Brain Injury Research Group, School of Biomedicine, University of Manchester, Manchester Academic Health Science Centre, Salford Royal Foundation Trust, Salford M6 8HD, UK.
Cytokine. 2012 Jun;58(3):384-9. doi: 10.1016/j.cyto.2012.02.016. Epub 2012 Mar 22.
Infections are common following stroke and adversely affect outcome. Cellular immune suppression associated with acute stroke may increase susceptibility to infection. Cytokines are important contributors to both stroke pathology and the response to infection. Since interleukin (IL)-1 blockade is a candidate treatment for cerebral ischemia, we examined whether administration of interleukin-1 receptor antagonist (IL-1Ra) to patients with acute stroke affected innate cellular immune responses in a phase II placebo-controlled trial.

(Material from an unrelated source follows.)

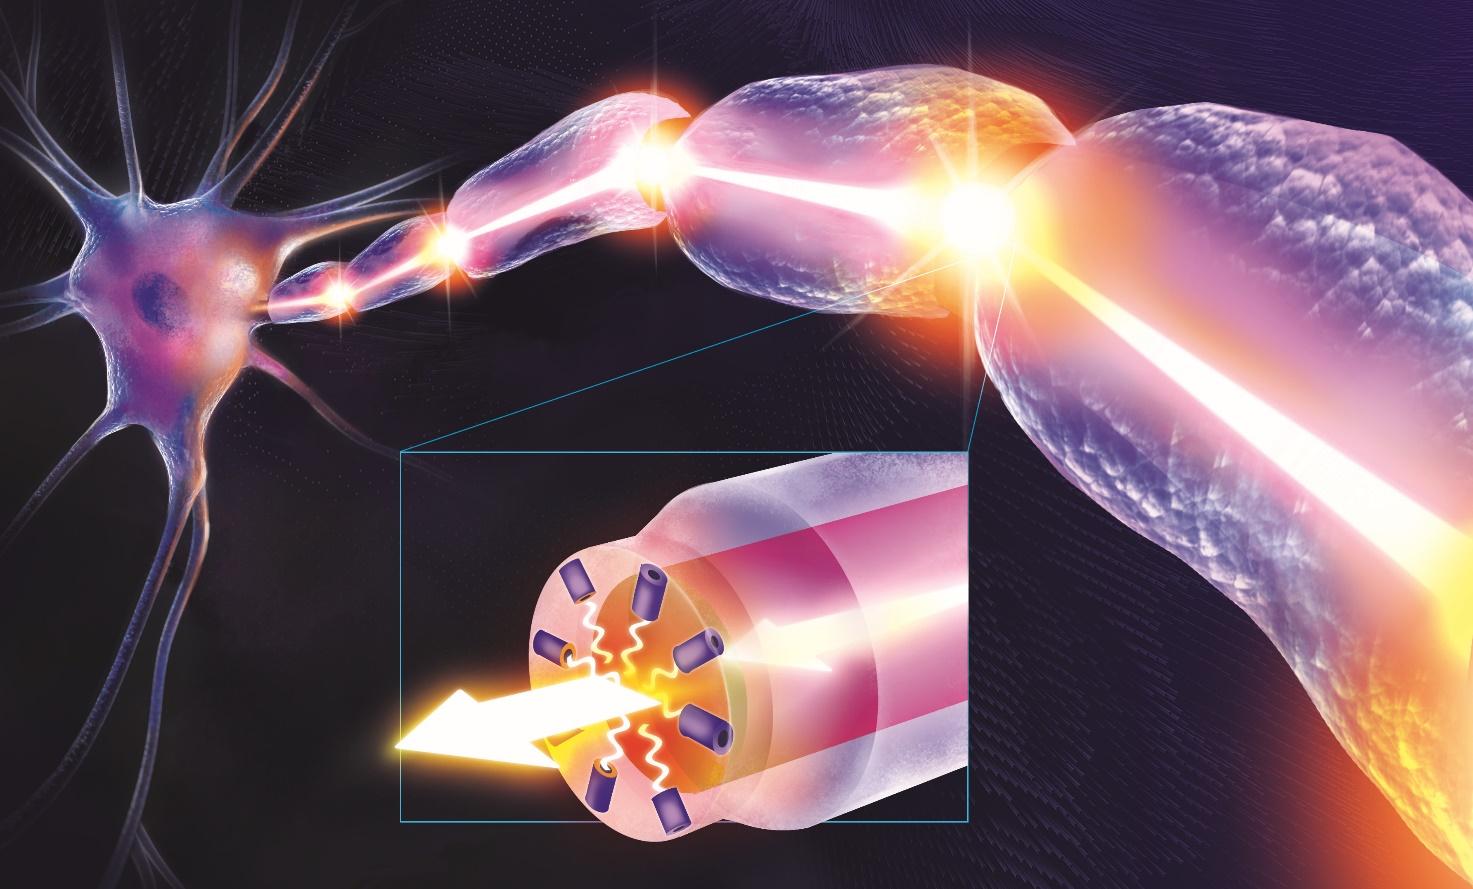 La radiazione luminosa, scaturita dal nodo di Ranvier, viaggia lungo i segmenti mielinici. Foto: dott. Luca Massaccesi.

Venous blood samples were taken prior to treatment initiation, at 24h and 5 to 7d. Blood was also drawn from stroke-free controls. Lipopolysaccharide (LPS) stimulation of whole-blood cultures assessed the potential of leukocytes to produce cytokines.
Induction of tumor necrosis factor (TNF)-α, IL-1β, IL-6, IL-8 and IL-10 by LPS was significantly reduced in patients at admission, compared to controls. At 24h, cytokine induction remained suppressed in the placebo group. In contrast, for patients treated with IL-1Ra, induction of TNF-α, IL-6 and IL-10 was similar to controls and IL-1β induction was significantly greater than in the placebo group. At 5 to 7d, TNF-α and IL-1β induction remained suppressed only in the placebo group (p<0.05). Plasma cortisol concentrations, elevated at admission in patients compared to controls, were substantially reduced at 24h in the patients receiving IL-1Ra (p<0.05) and inversely correlated (p<0.001) with either TNF-α (r=-0.71) or IL-1β induction (r=-0.67) at admission.
Treatment with IL-1Ra reverses peripheral innate immune suppression in the acute phase of stroke, which is associated with attenuated cortisol production. The mechanisms underlying these observations, including the potential impact of IL-1Ra on stroke severity and the clinical significance of immune suppression, require further evaluation in larger studies.
中风后常发生感染,且感染对预后不利。与急性中风相关的细胞免疫抑制可能会增加感染的易感性。细胞因子是中风病理和感染反应的重要因素。由于白细胞介素 (IL)-1 阻断是治疗脑缺血的候选药物,我们在一项 II 期安慰剂对照试验中,研究了给予急性中风患者白细胞介素-1 受体拮抗剂 (IL-1Ra) 是否会影响固有细胞免疫反应。
在治疗开始前、24 小时和 5 至 7 天,采集静脉血样。也从无中风的对照组中抽取血液。通过脂多糖 (LPS) 刺激全血培养物来评估白细胞产生细胞因子的潜力。
与对照组相比,入院时患者的肿瘤坏死因子 (TNF)-α、IL-1β、IL-6、IL-8 和 IL-10 的 LPS 诱导明显降低。在 24 小时时,安慰剂组的细胞因子诱导仍受到抑制。相比之下,接受 IL-1Ra 治疗的患者,TNF-α、IL-6 和 IL-10 的诱导与对照组相似,而 IL-1β的诱导明显高于安慰剂组。在 5 至 7 天,仅在安慰剂组中 TNF-α和 IL-1β的诱导仍受到抑制(p<0.05)。与对照组相比,患者入院时的血浆皮质醇浓度升高,在接受 IL-1Ra 治疗的患者中,在 24 小时时显著降低(p<0.05),并且与 TNF-α(r=-0.71)或入院时的 IL-1β诱导(r=-0.67)呈负相关(p<0.001)。
IL-1Ra 治疗可逆转中风急性期的外周固有免疫抑制,这与皮质醇生成减少有关。这些观察结果的机制,包括 IL-1Ra 对中风严重程度的潜在影响以及免疫抑制的临床意义,需要在更大的研究中进一步评估。